Марсель слушал Антуана Фремо и спрашивал себя, где в его рассказе правда и где шутка.

— Даю вам слово, дорогой мой Ренодье! Она без ума от балконов, шелковых лестниц, масок, мандолин, серенад, лунного света. Она — поклонница Гюго, Байрона, Мюссе, Санд, не знаю, кого еще!.. Скажите, разве это не смешно, не неожиданно, не парадоксально! Она знает наизусть все романы, все стихи дорогой для нее эпохи. Эти господа и госпожи 1830 года — ее боги и богини, и всего больше на свете мечтала она увидеть Венецию. Поэтому, как и следовало ожидать, мы остановились в гостинице Даниэли! К счастью, сегодня мы покидаем историческое место для гостиницы «Британия», более спокойной. Это единственная уступка, которая была мне сделана; что касается остального, то мы на добрый месяц погрузимся в романтические воспоминания… В конце концов меня не приходится слишком жалеть, не правда ли? Госпожа Фремо очаровательна, и гондола идет к ней восхитительно. Согласитесь, дорогой мой, что история не вполне обычная… А я-то воображал, что навсегда покончил с Венецией и больше не увижу, кроме как на плакатах, круговых путешествий, или на обоях, которые я фабрикую, город каналов и серенад, город божественной графини Кантарини!.. Ах, кстати, я должен сделать вам одно признание. Помните те письма, которые я заставил вас разыскивать в моей квартире в Отейле, в красном бюро? Увы, то были всего-навсего письма от маленькой модистки, которую звали Эрнестиной и которая меня бросила… Что касается Кантарини, то она была моей любовницей лишь в моем воображении… Ах, как все это уже далеко, мой бедный Ренодье! Ну, не глупы ли мы были, в самом деле?

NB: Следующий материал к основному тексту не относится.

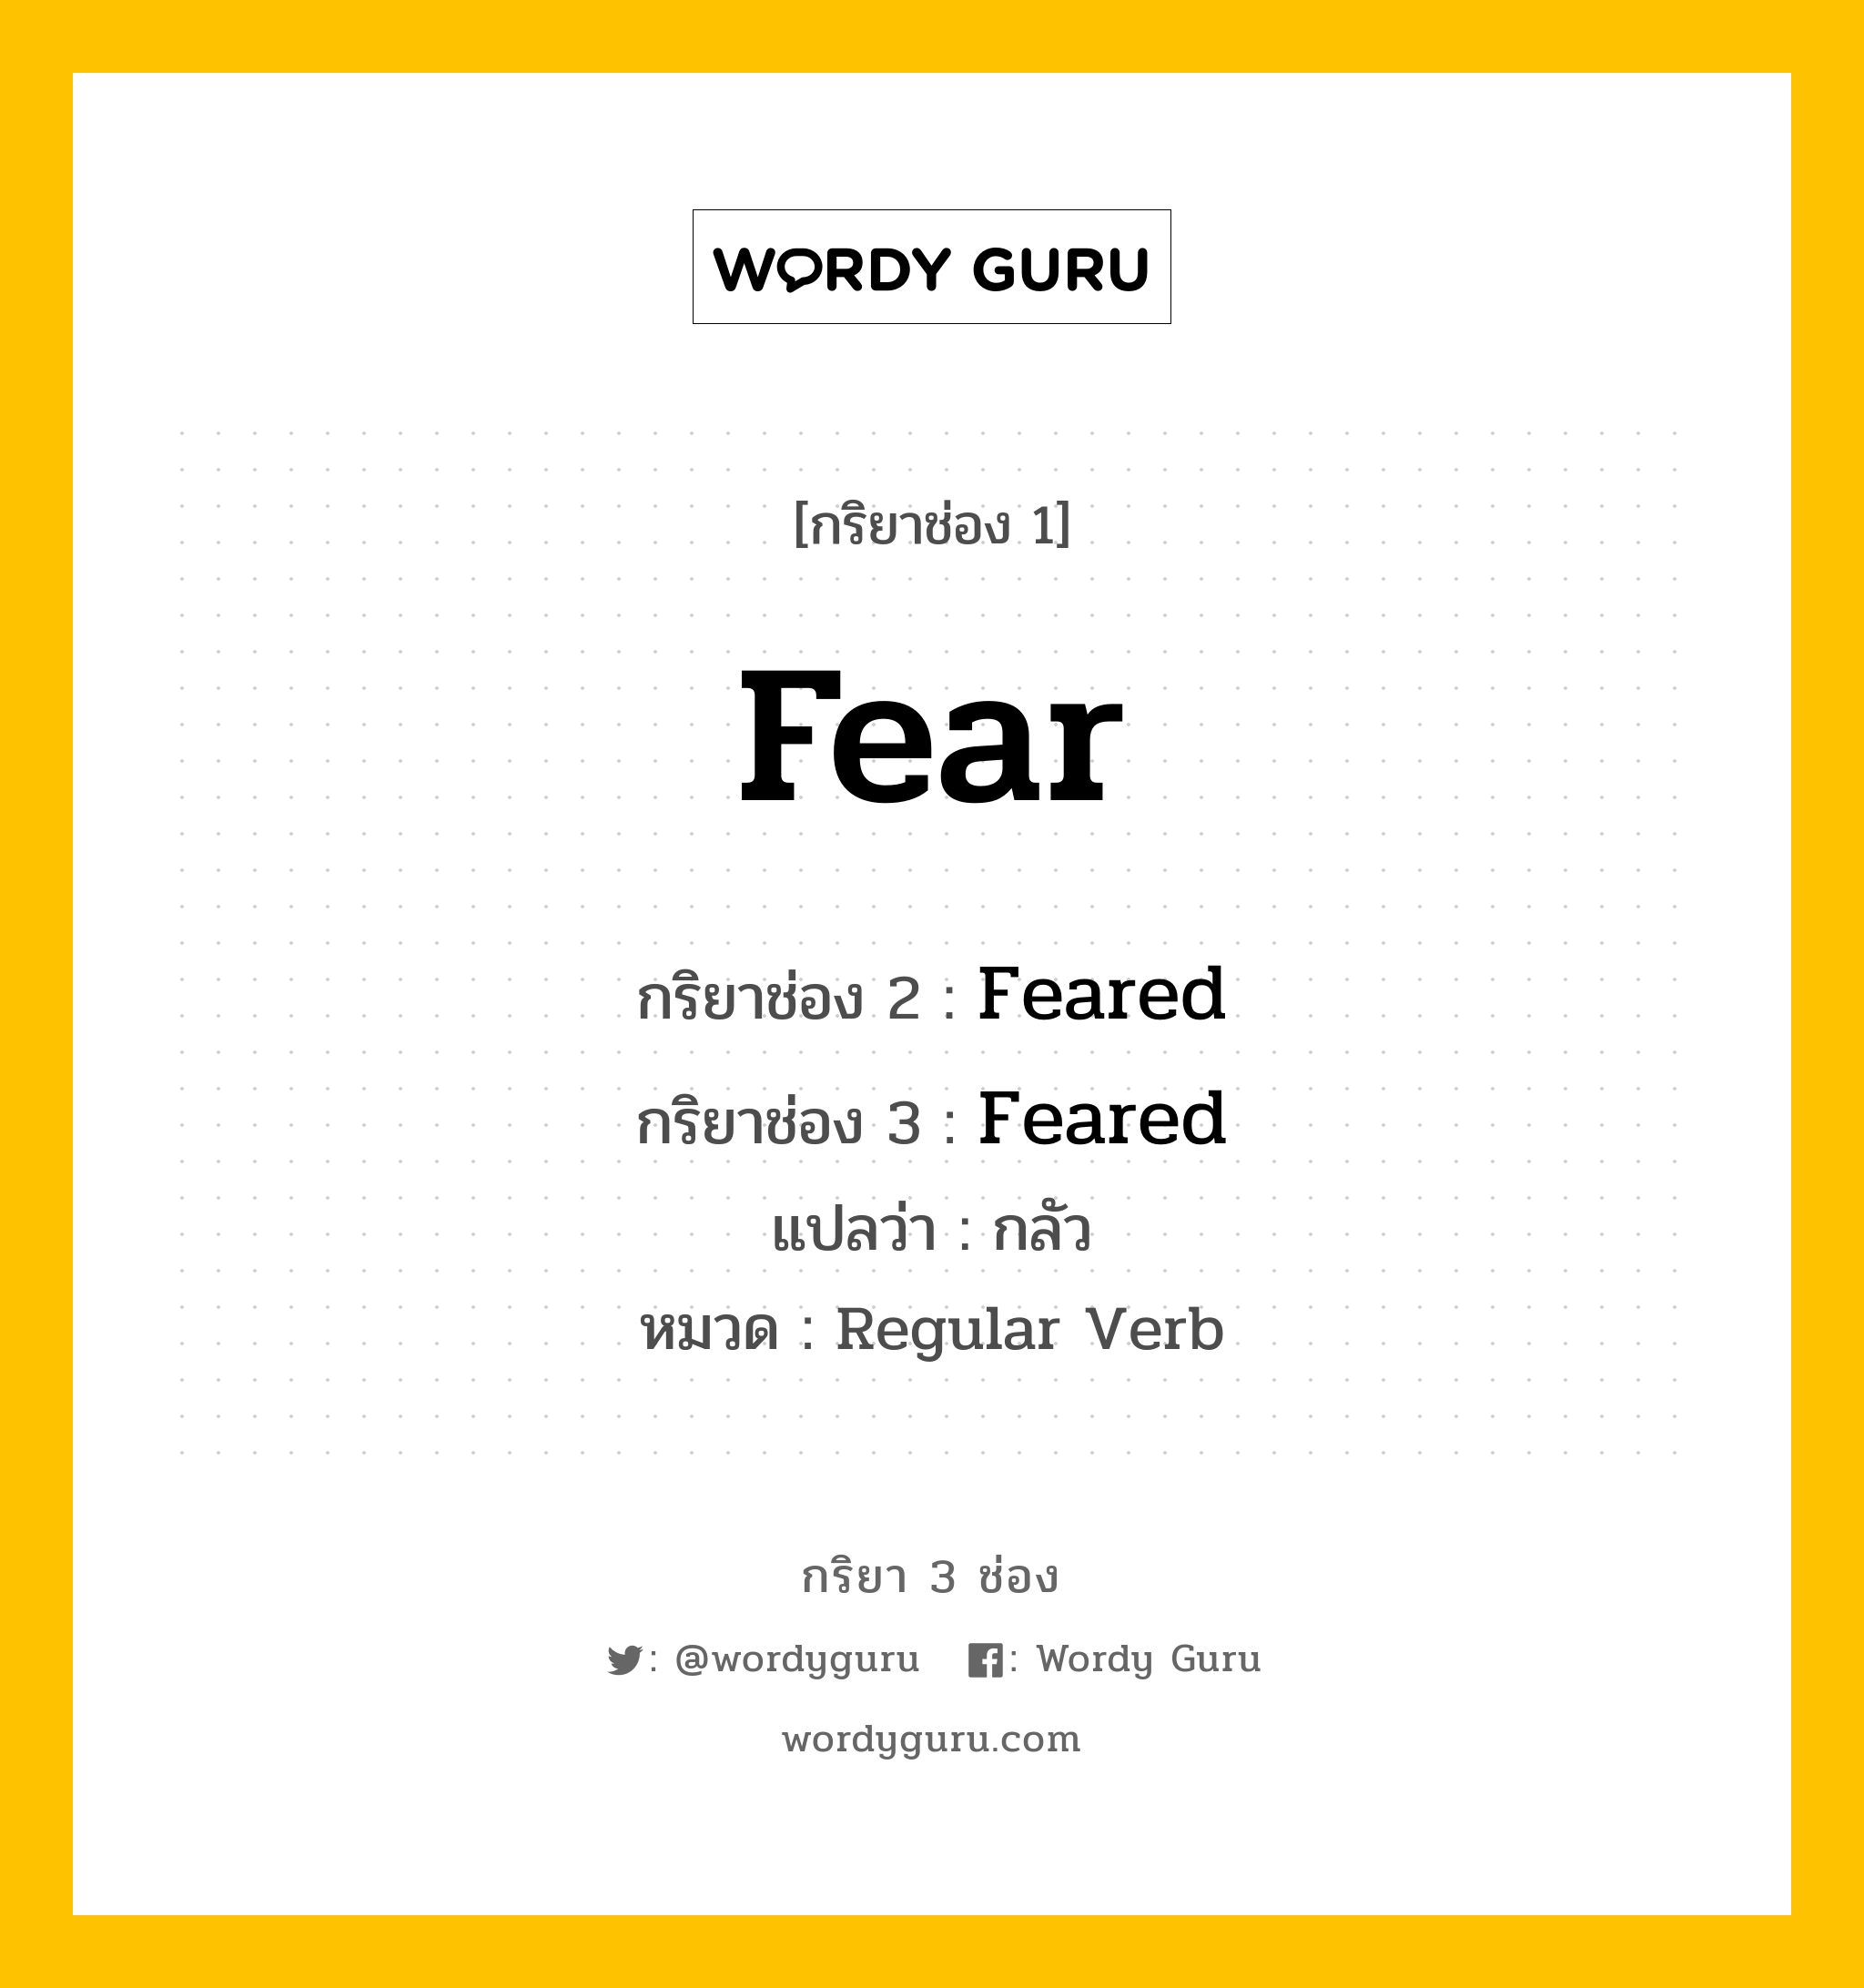 กริยา 3 ช่อง: Fear ช่อง 2 Fear ช่อง 3 คืออะไร, กริยาช่อง 1 Fear กริยาช่อง 2 Feared กริยาช่อง 3 Feared แปลว่า กลัว หมวด Regular Verb หมวด Regular Verb
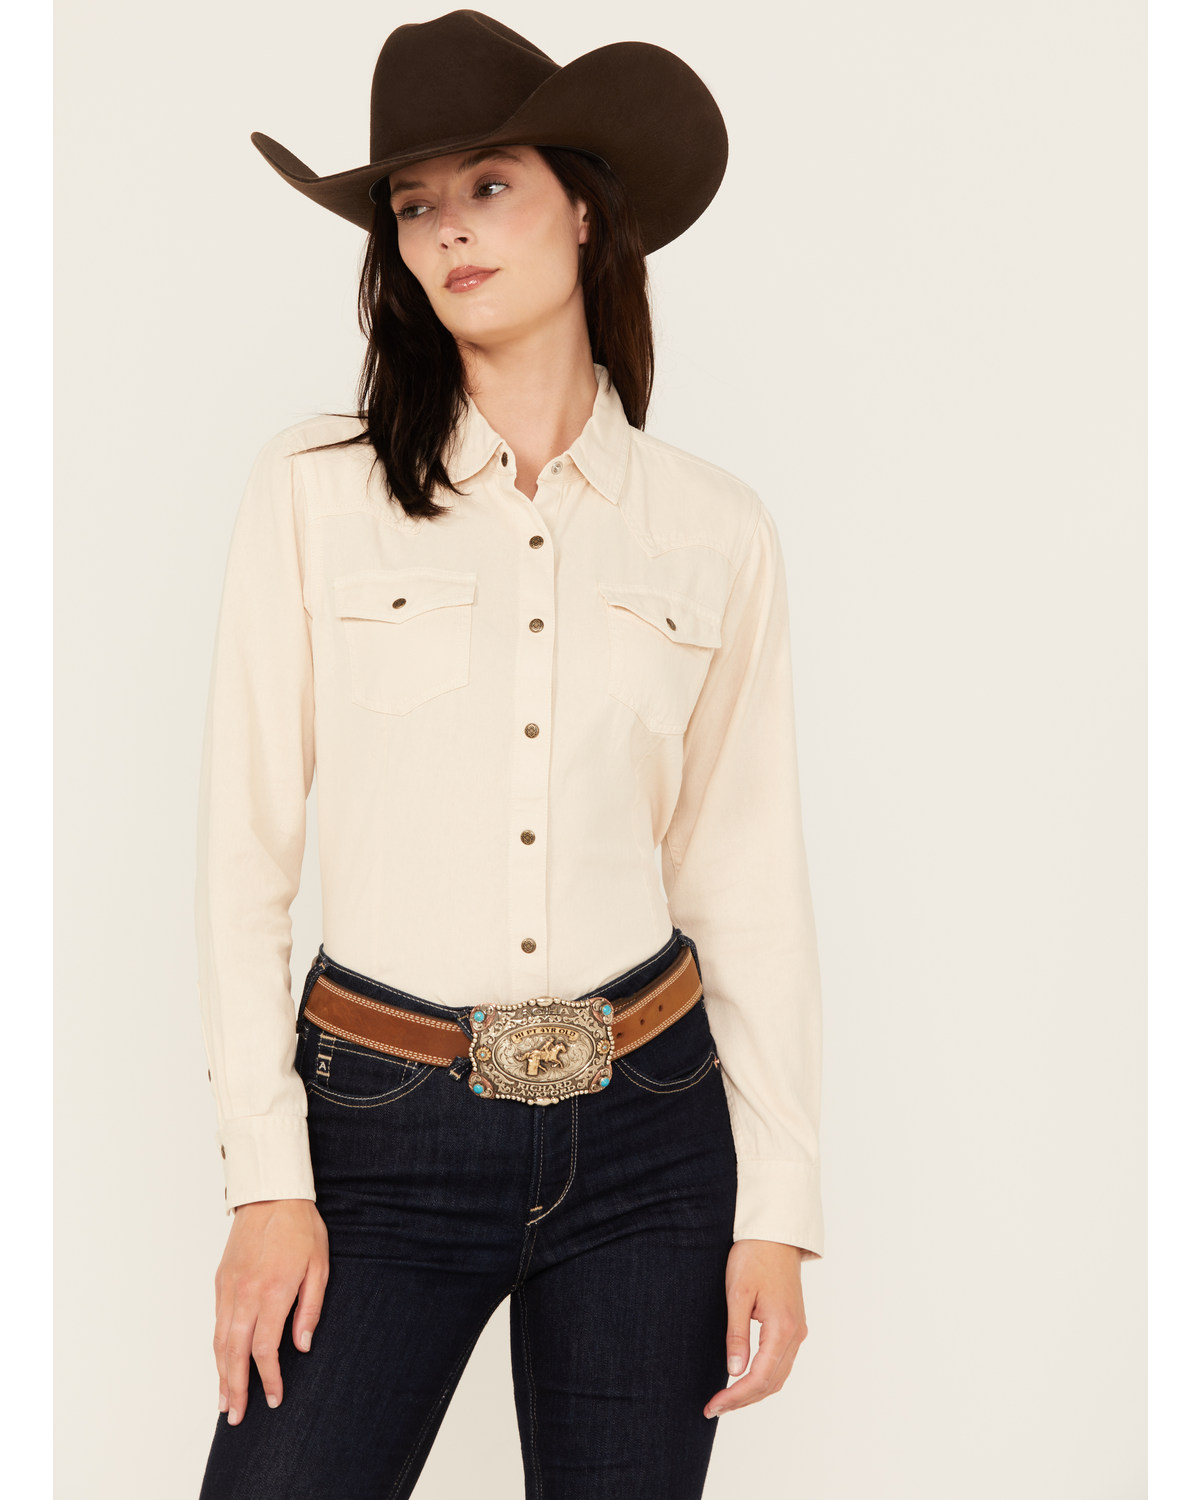 Ariat Women's R.E.A.L Jurlington Solid Long Sleeve Snap Western Shirt

И Антуан Фремо движением своей трости спугнул двух голубей, клевавших зерна на гладких плитах, у подножья бронзовых канделябров, над которыми некогда на концах мачт развевались знамена Светлейшей Республики.

XV

— Это будет ваша вина, Марсель, если я в Венеции ничего не увижу…

Жюльетта, смеясь, пыталась подняться с кровати, на которой лежала: Марсель нежно ее удерживал, и она снова уронила голову на подушку. Она сопротивлялась и старалась освободиться.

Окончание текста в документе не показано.